MKA: Leveraging Cross-Lingual Consensus for Model Abstention
Sharad Duwal
TL;DR
The paper tackles reliability and hallucination in LLMs by introducing MKA, a pipeline that calibrates model confidence through cross-lingual consensus. It translates questions and options into auxiliary languages, prompts the model across these languages, and aggregates answers via centroid polling, using a cosine-similarity-based confidence measure to decide abstention.

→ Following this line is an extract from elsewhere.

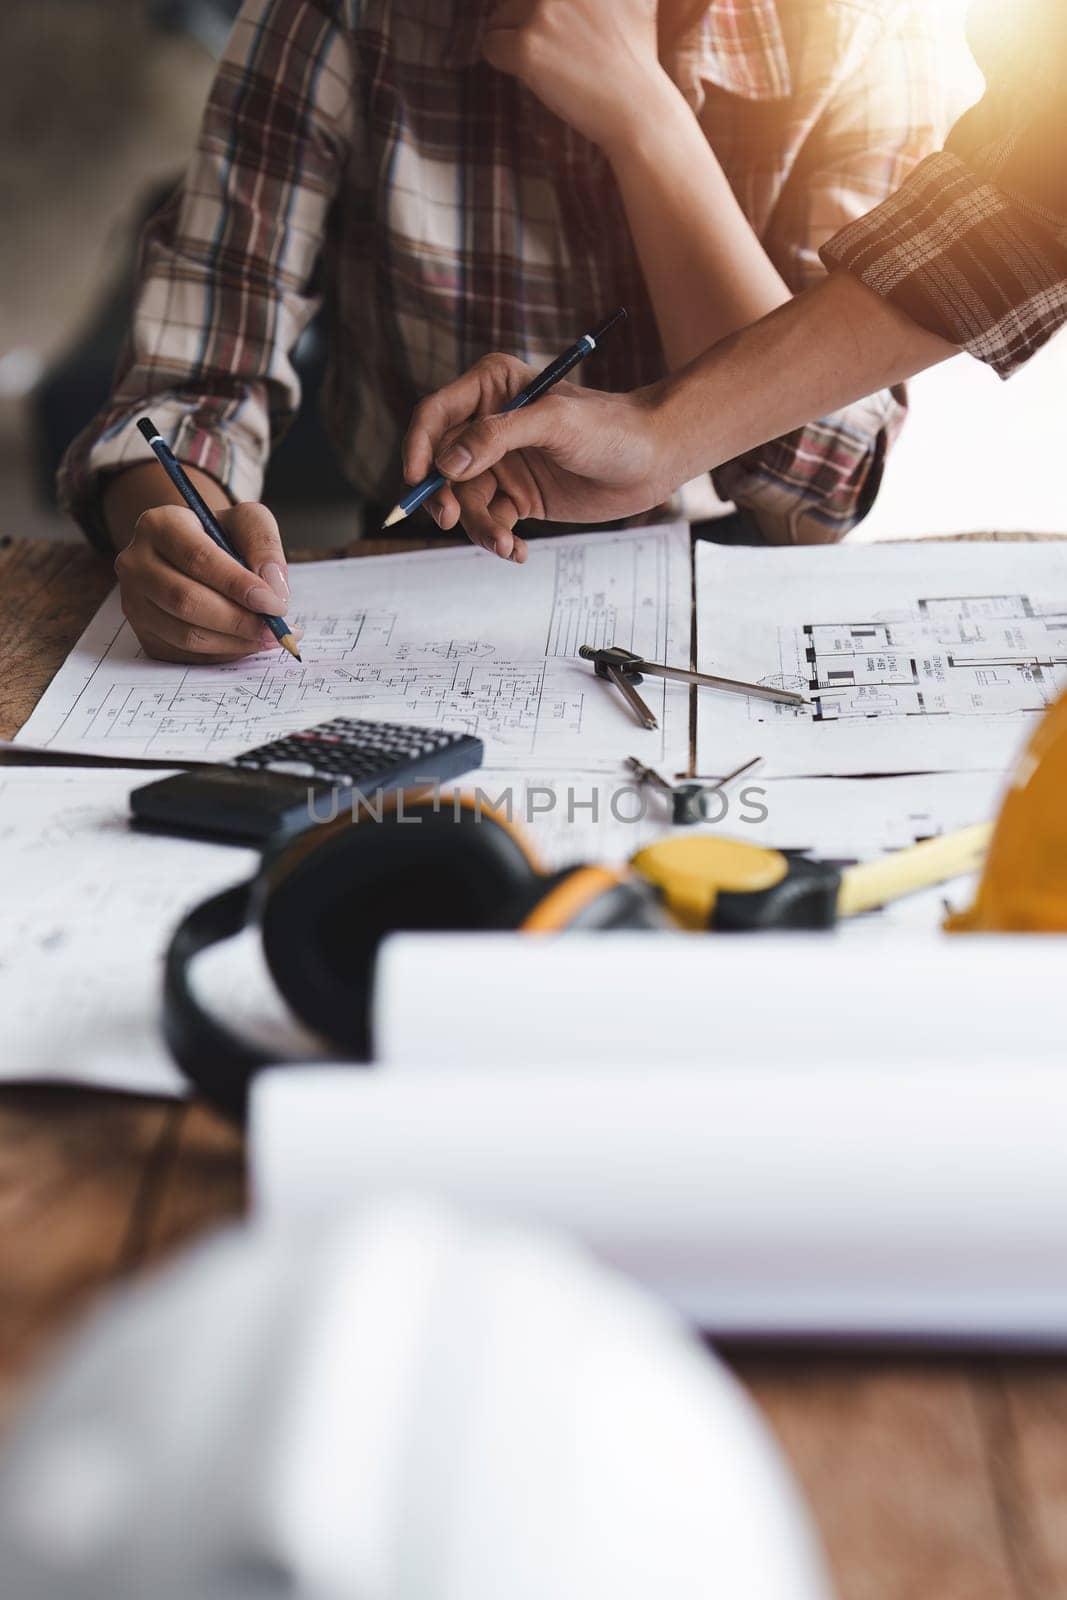 Architect and Engineer working with blueprints for architectural plan, engineer sketching a construction project, green energy concept.

Evaluated on multilingual MCQA benchmarks (MMLU) across six target languages and three auxiliary sets, the approach yields substantial gains for some low- and mid-resource languages (e.g., Bengali with $+71.2\%$) and mixed results for others, depending on translation quality and auxiliary language choice (e.g., Yoruba, Japanese can drop). The findings support cross-lingual confidence calibration as a viable tool to reduce hallucinations, while also noting limitations due to translation artifacts and the need for improved internal multilingual reasoning in future work, with practical implications for safer and more reliable LLM deployment. $0.85$, $0.81$, and $1.5$ are among the critical thresholds and weights used in the evaluation and calibration process, respectively.
Abstract
Reliability of LLMs is questionable even as they get better at more tasks. A wider adoption of LLMs is contingent on whether they are usably factual. And if they are not, on whether they can properly calibrate their confidence in their responses. This work focuses on utilizing the multilingual knowledge of an LLM to inform its decision to abstain or answer when prompted. We develop a multilingual pipeline to calibrate the model's confidence and let it abstain when uncertain. We run several multilingual models through the pipeline to profile them across different languages. We find that the performance of the pipeline varies by model and language, but that in general they benefit from it. This is evidenced by the accuracy improvement of $71.2\%$ for Bengali over a baseline performance without the pipeline. Even a high-resource language like English sees a $15.5\%$ improvement. These results hint at possible further improvements.